[WORK ORDER]: The listing below should be reproduced exactly, with the pictures omitted.

[DATASET EXTRACT]:
__________________________________________________

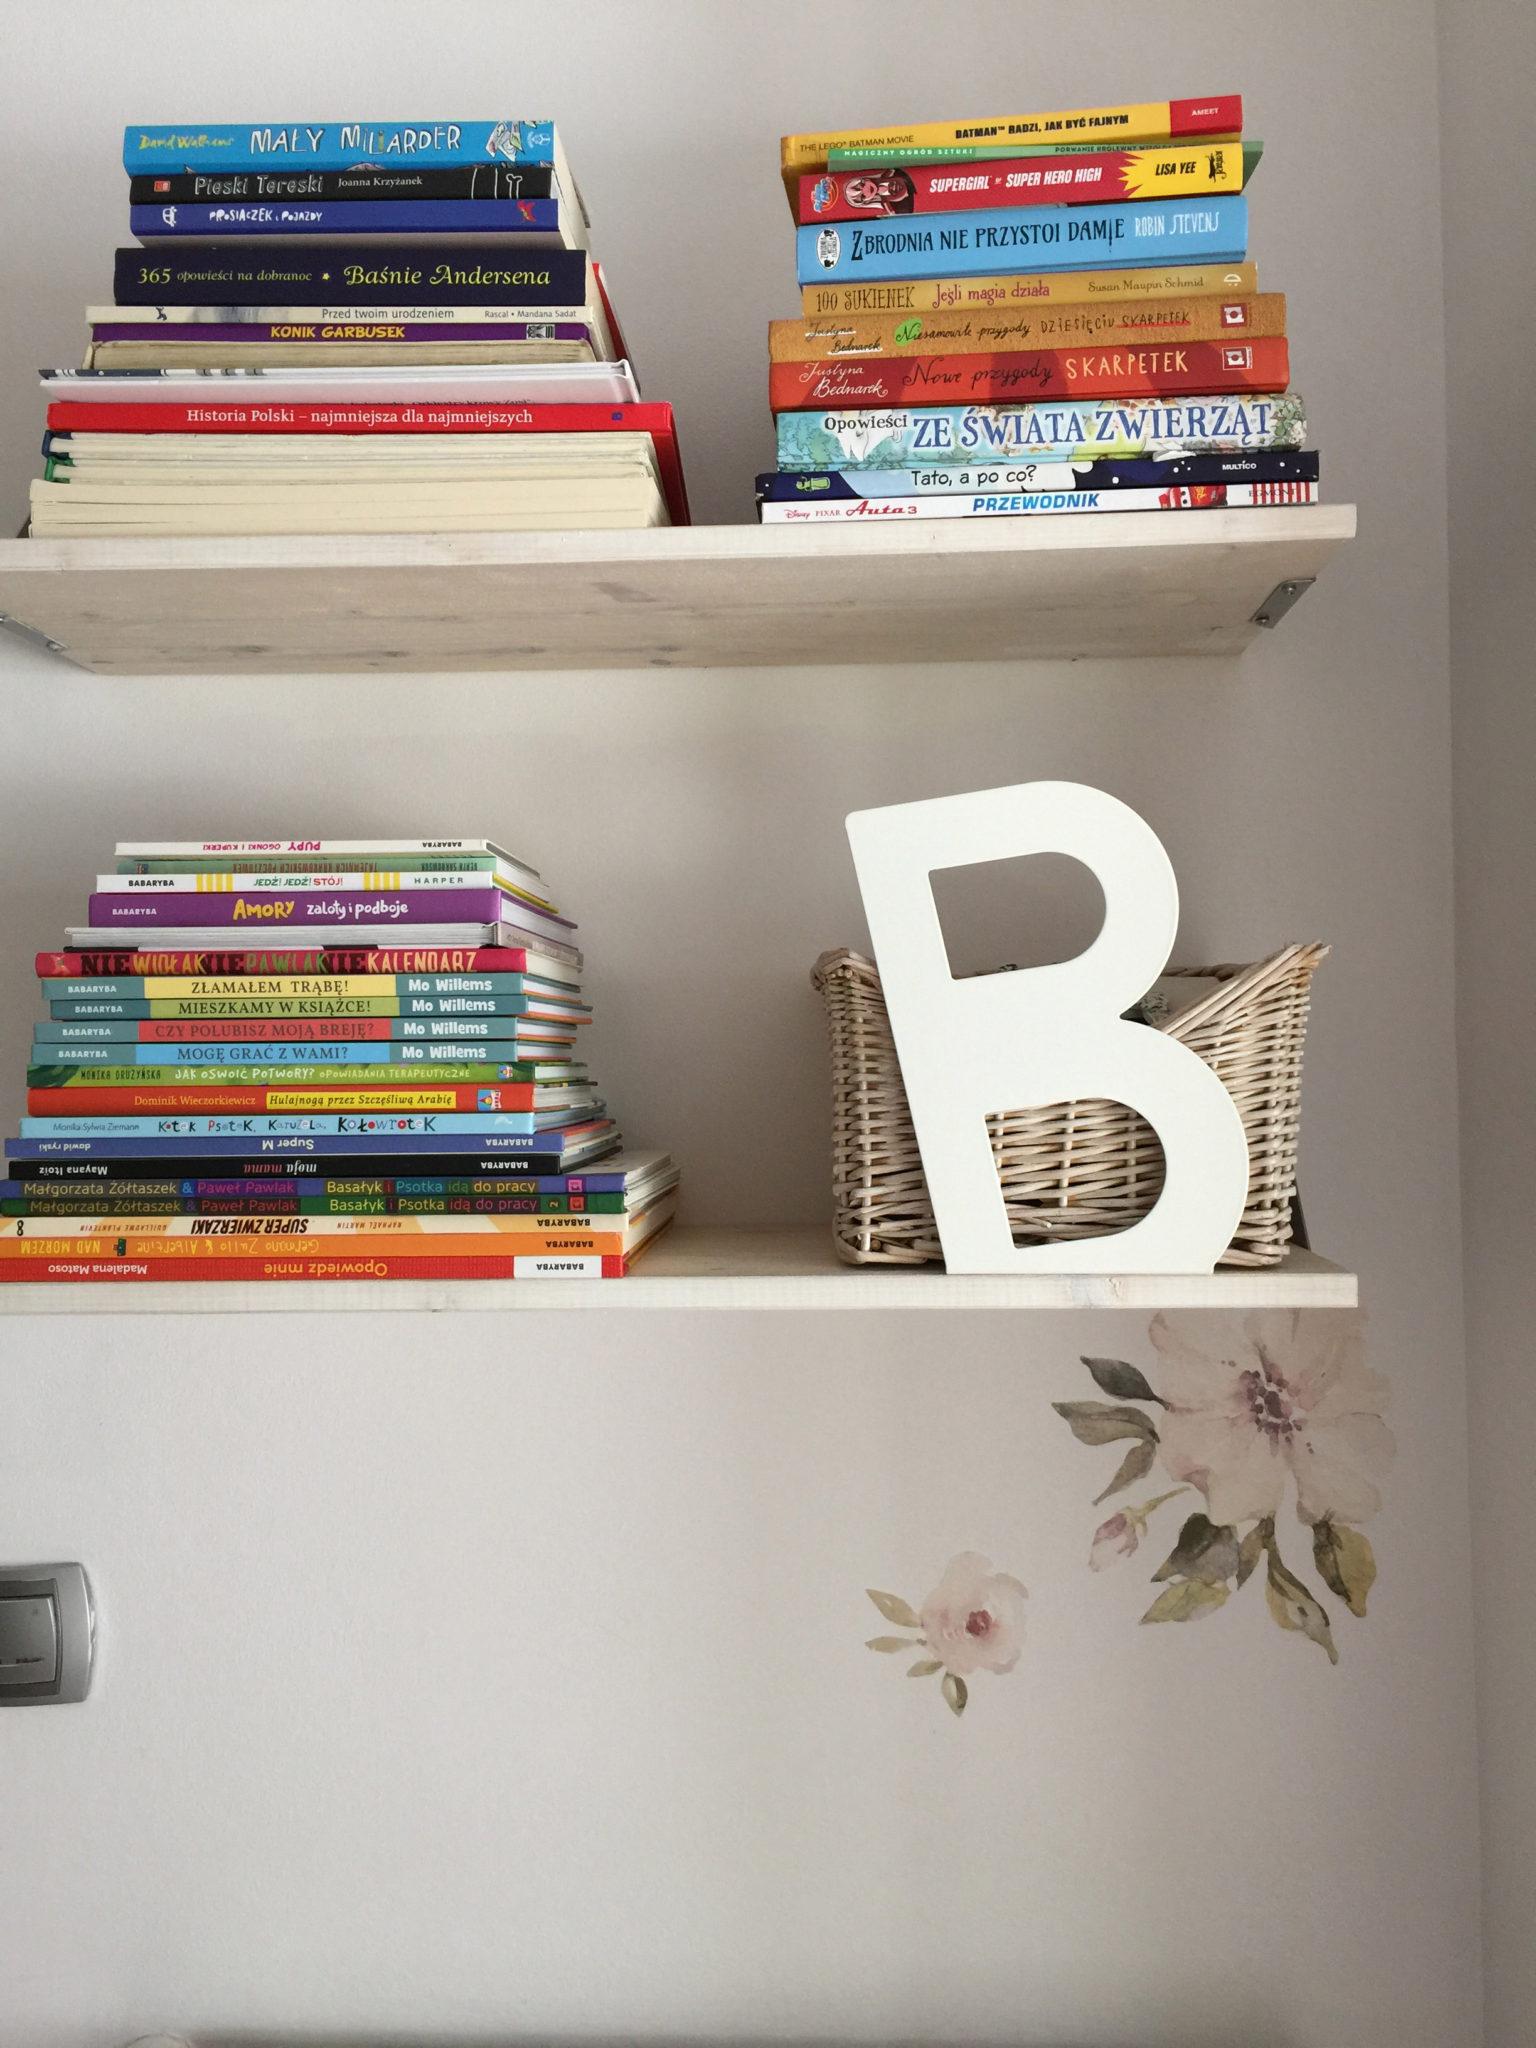 Kliknij w zdjęcie, żeby przejść do literki B
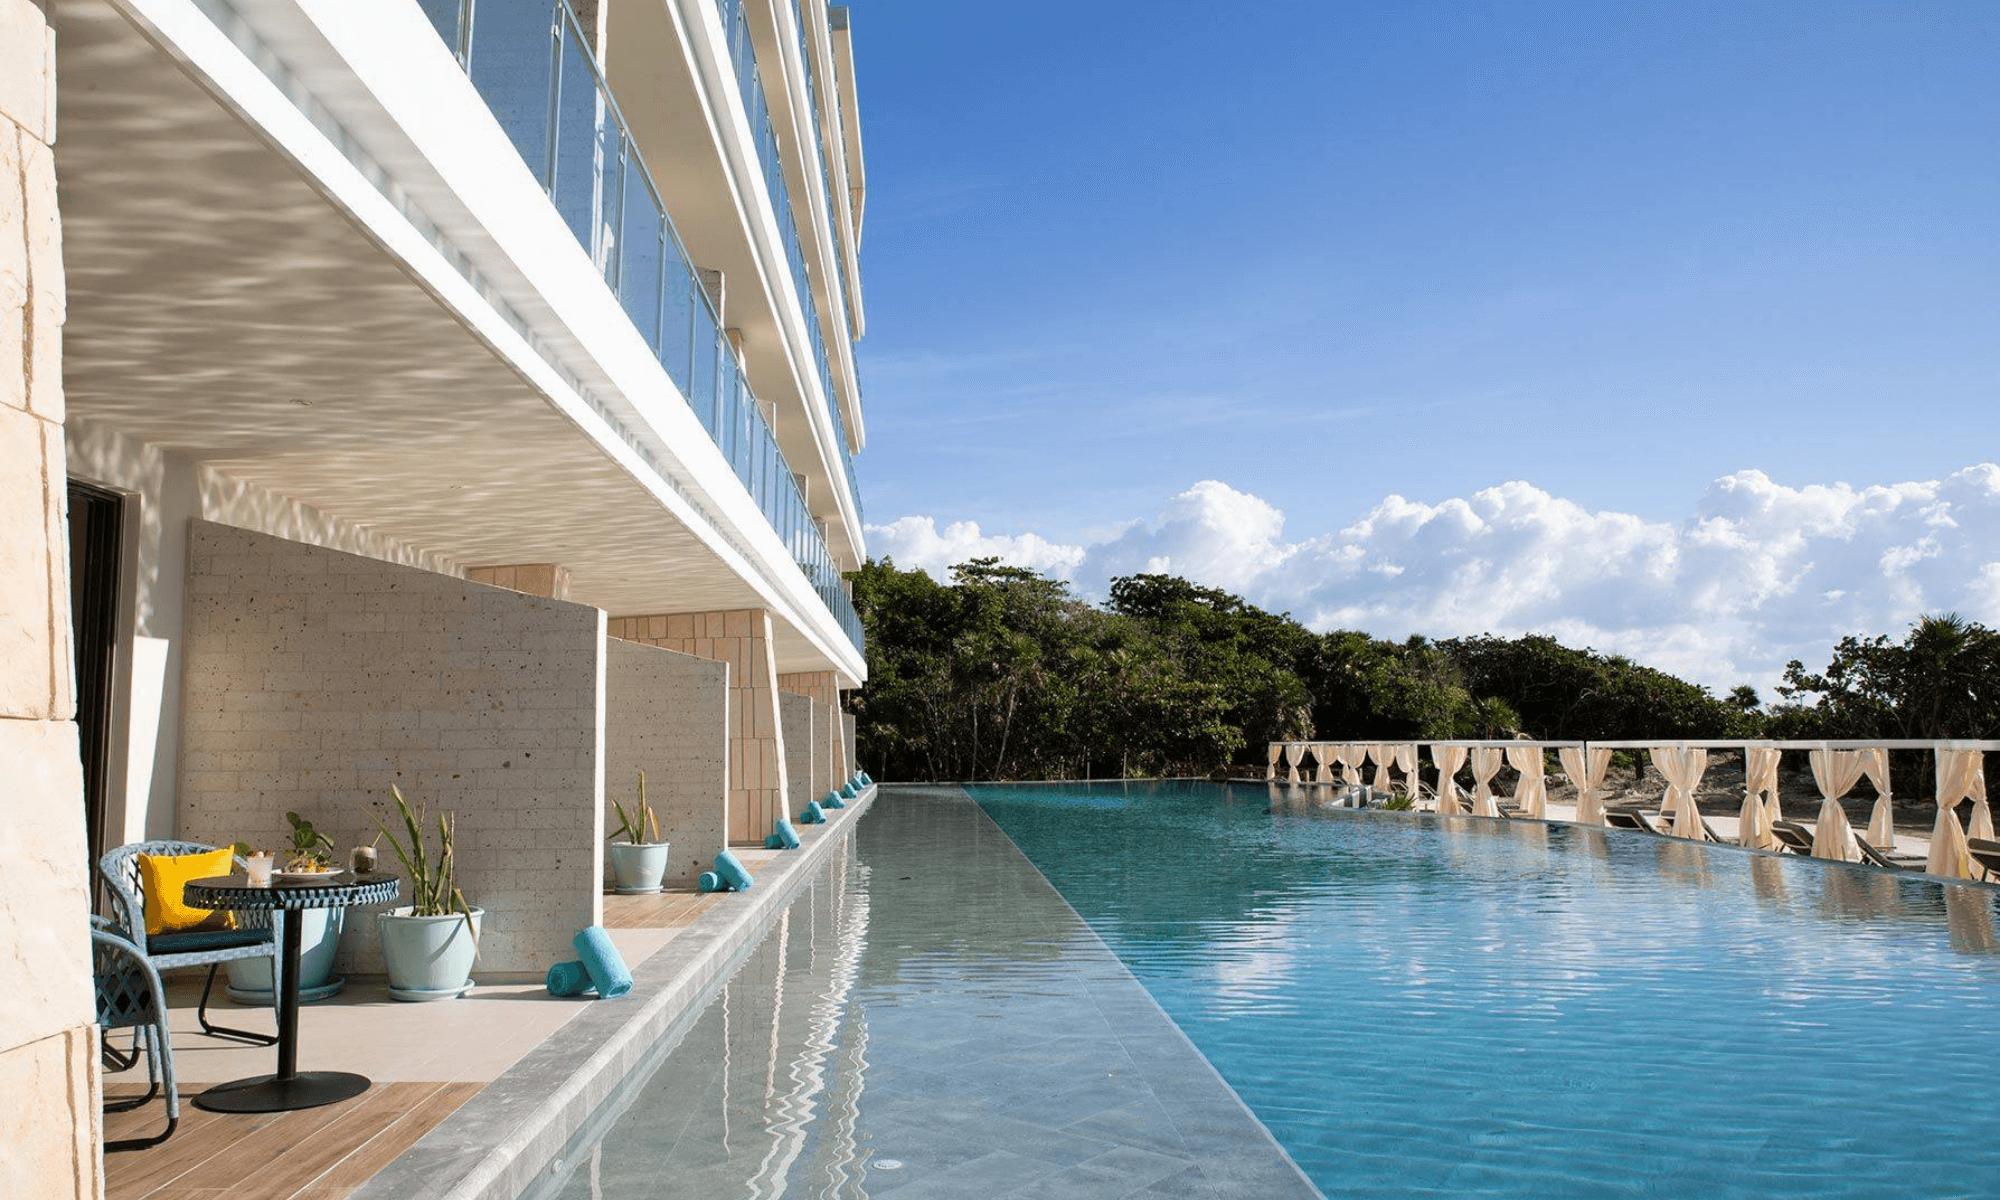 Un santuario de bienestar en Playa del Carmen descubre este imperdible resort sustentable de la Riviera Maya 1
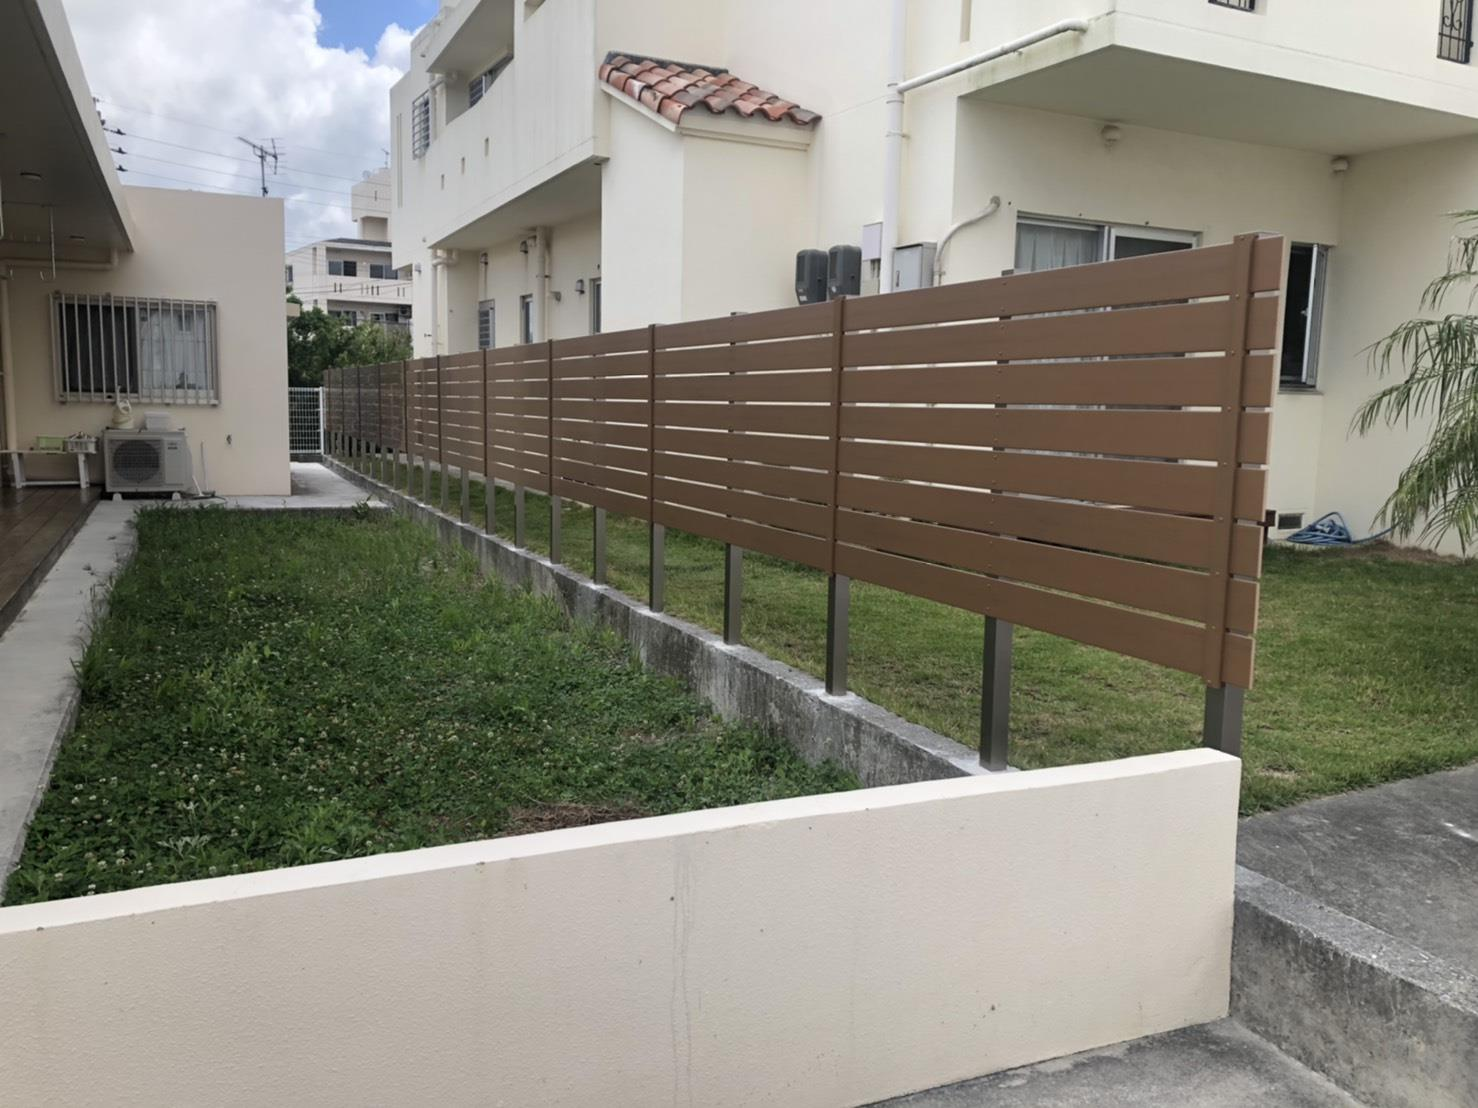 目隠しフェンス設置工事(リフォーム施工事例)を公開しました。 | 沖縄や那覇でリフォームするなら【株式会社 あうん工房】

__________________________________________________

[ANSWER BELOW]:
 Kliknij w zdjęcie, żeby przejść do literki B
 Un santuario de bienestar en Playa del Carmen descubre este imperdible resort sustentable de la Riviera Maya 1
 目隠しフェンス設置工事(リフォーム施工事例)を公開しました。 | 沖縄や那覇でリフォームするなら【株式会社 あうん工房】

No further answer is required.